Alrighty, this is 'a cause de' (or whatever) my english class, and unlikely to stay any longer than it will take me to print this out. So. Enjoy ^.^;;;;


Submit or die, what a wondrous choice we get. Only, and in some eyes regrettably, it isn't quite like that. Borrowing words doesn't enrich a culture, merely changes them. And change isn't good. It's natural, it's inevitable, it obeys the whims of fate and hitsuzen, but, it isn't good. Change is only about as good as language is. Which is, not at all. It can be used in any way you want. And, changing a language is very manipulatable. We could very easily start having a commercial language. A few government Shakespeares can rework the way we talk Oh, and from what I hear minipax keeps us safe too. But, change isn't so horrid either. I mean, we've changed thousands of time in the last hundred years, and never even noticed. I doubt anyone from the '50's would know what 'cyber-'this or 'electro-'that was. Hybrid cars? A start indeed! However, they are another example of how change can do absolutely nothing whatsoever. Ever hear of the hybrid hummer? Big and wasteful, but more fuel efficient, so it's just like a normal SUV. Change can be like this too.

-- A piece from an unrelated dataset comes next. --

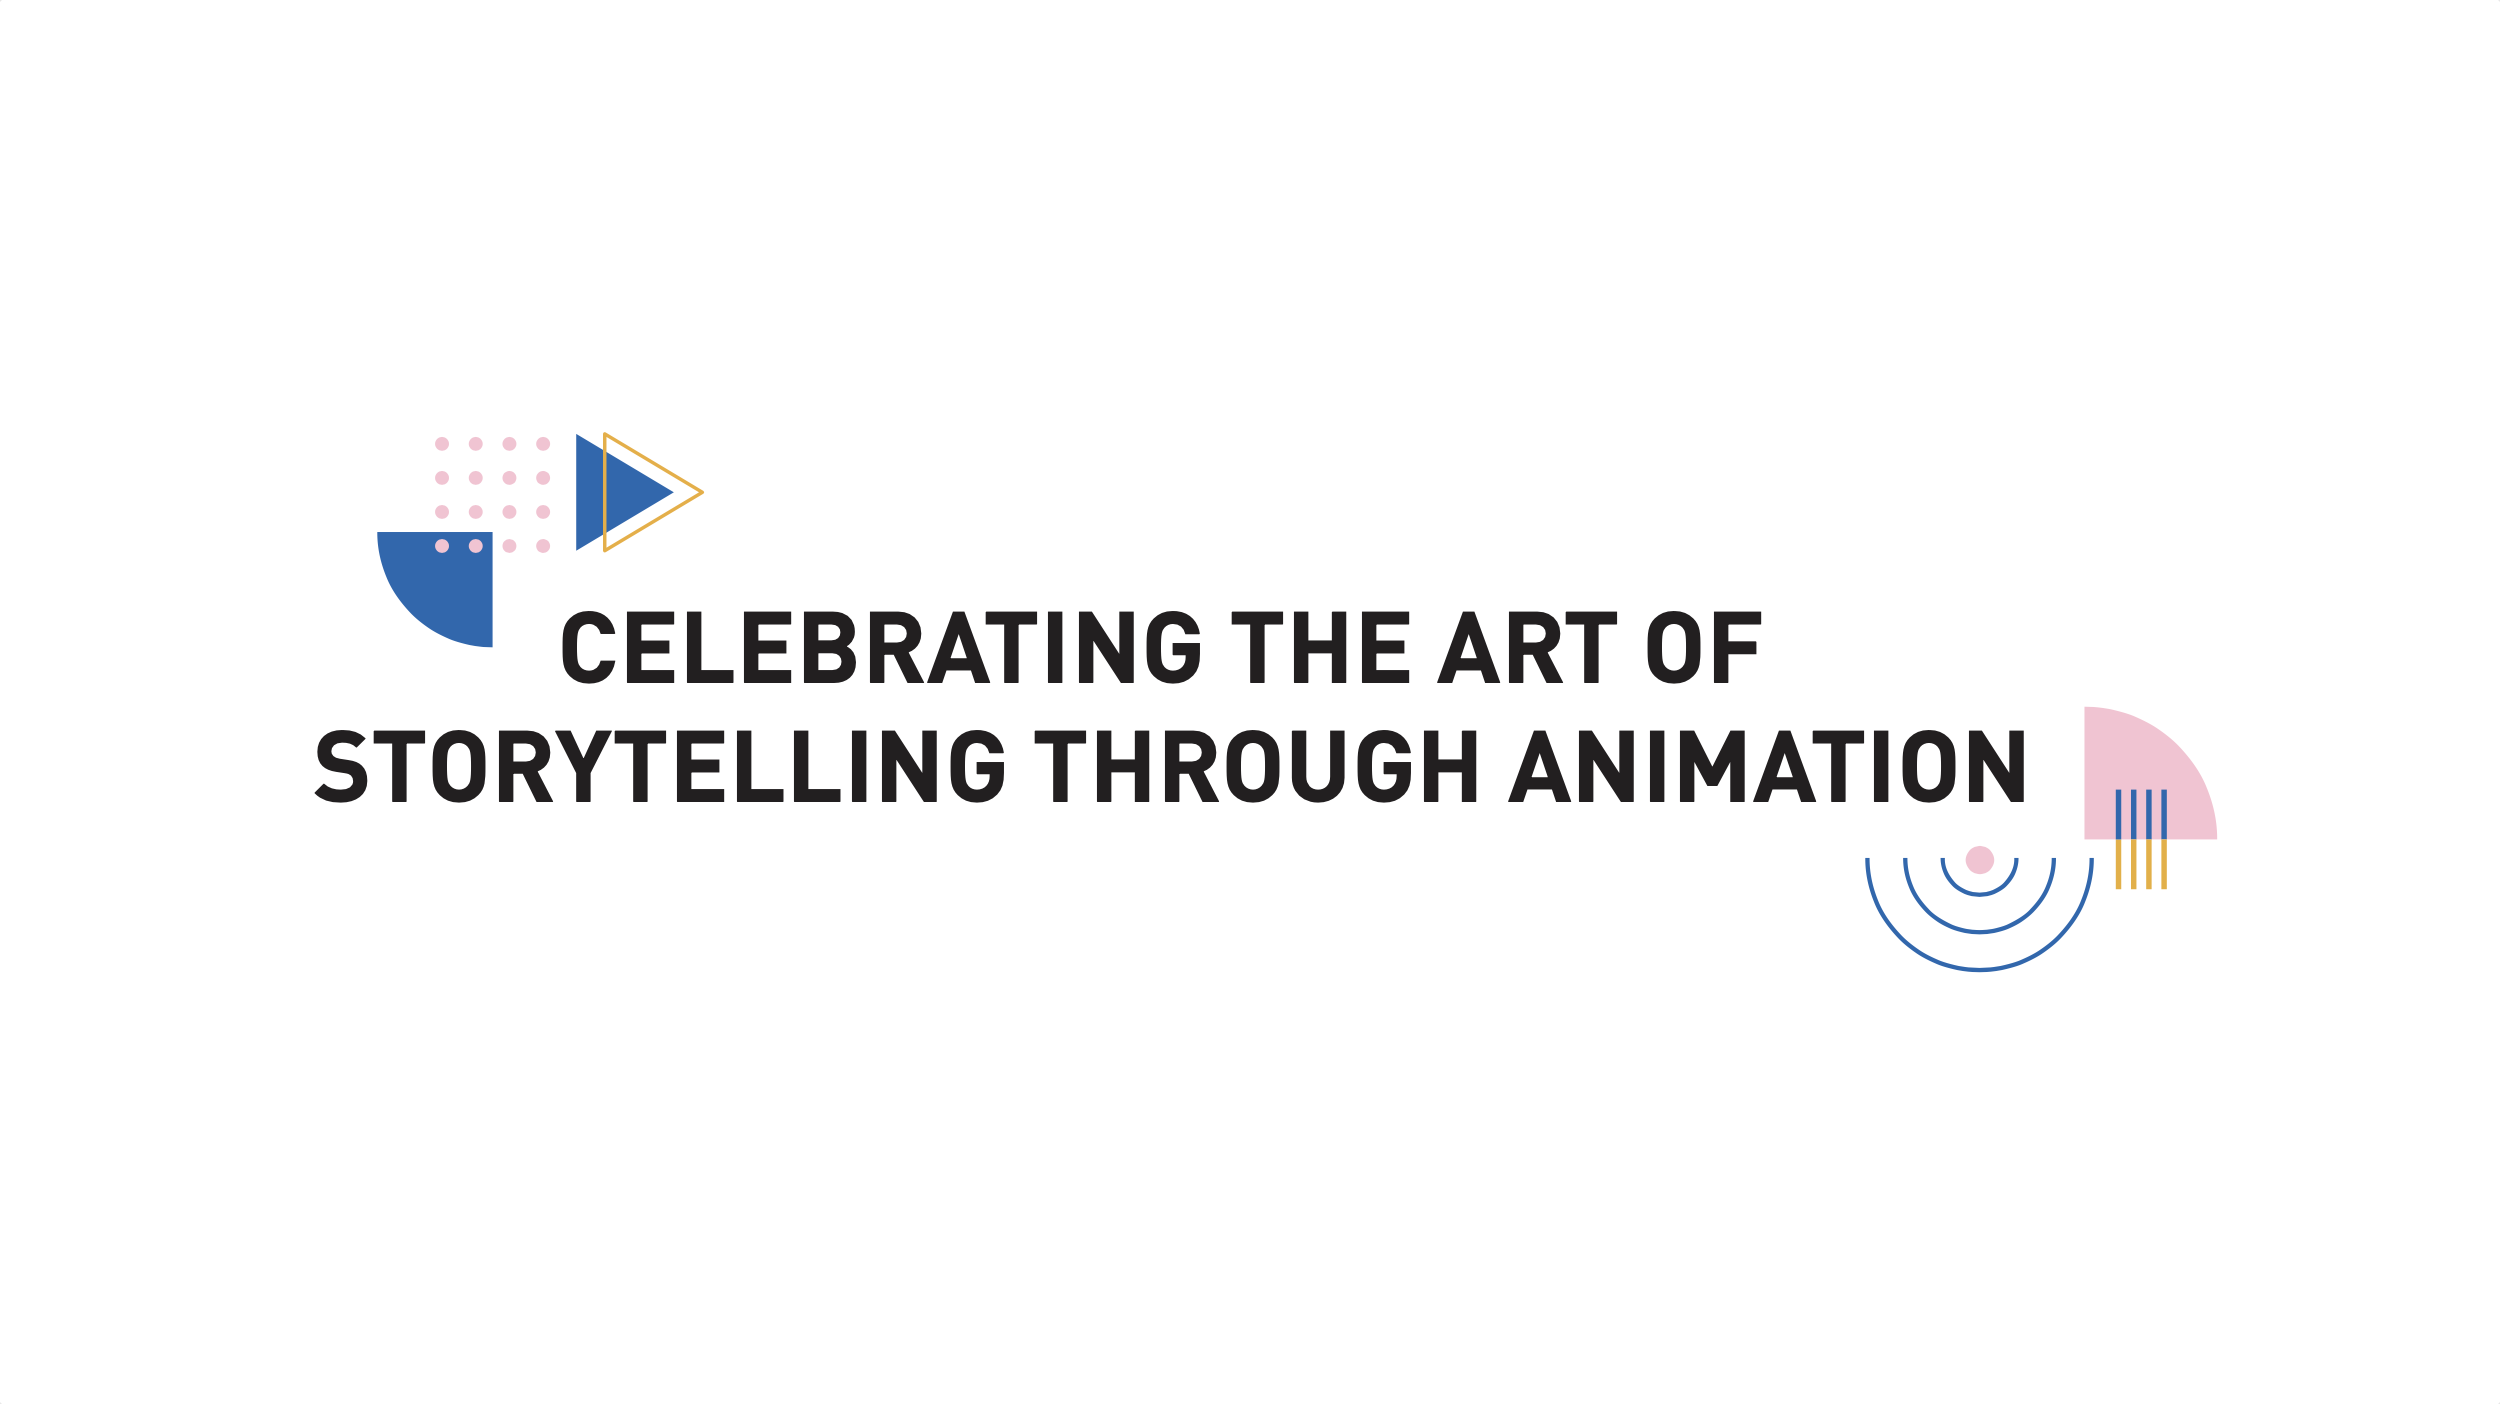 Creating Global Animated Videos for LinkedIn, by BlueMelon

So, why do I rant, and say such abysmal things? Well, simply, I've often seen people quite worked up about the subject. Feeling that resisting change is merely racism, or resisting our fate as a language. Making us dormant, supposedly. But, it is this resistance that we need as well. If we just go all gooey and let everything enter, then we'd wind up some sort of pidgin-english. And, I tell you know, that isn't a dialect, it's a golem. It's a bunch of spare parts slapped into a language, maximum efficiency, very little grace. Oh, that is my opinion, and so terrible of me to impose it like fact, but there is something people never think of. We shouldn't idly let our language change and alter; growing up in a vacuum, or in a pit with every other ravenous language either. We should consciously alter our language, bit by bit, for grace and efficiency. Not for casual speech or for social hierachry, no. But for grace and ease. Oh, but what of our history, what of the ancient language? Easily maintained, easily preserved. If it wasn't, how would we even know what words were borrowed and weren't. If we didn't try, we didn't resist change, we'd never know, never record. We'd just assume ourselves the golems, and toss out of past in a heap. But, no, this is a falsity. We need to craft, we need to art our way through language. It is with this, that we can better ourselves and our words. But how can we change if we resist? Well, I did mention hitsuzen, the Japanese unknowable inevitable. We will change, no matter how much we resist, only because the change will know our eventual effort. But, if we don't resist, we die, we become absorbed and forgotten. It would be wondrous to be an Eire, but the best we can hope for is a Scotland or North Ireland. And if we don't resist, will end up a Wales. A Bavaria. A Tenochtitlan. A language in name, but locatable or recognizable only than to those who know far to much. Resistance, not outright ignorance, is the way. Preservation in spite of inevitable alteration. This is how we, as a language have lived so long. So this book should be so arrogant as to claim that change made us live. No, evolution let us live, but change is our death. Hitsuzen is irresistible, but don't assume to predict it.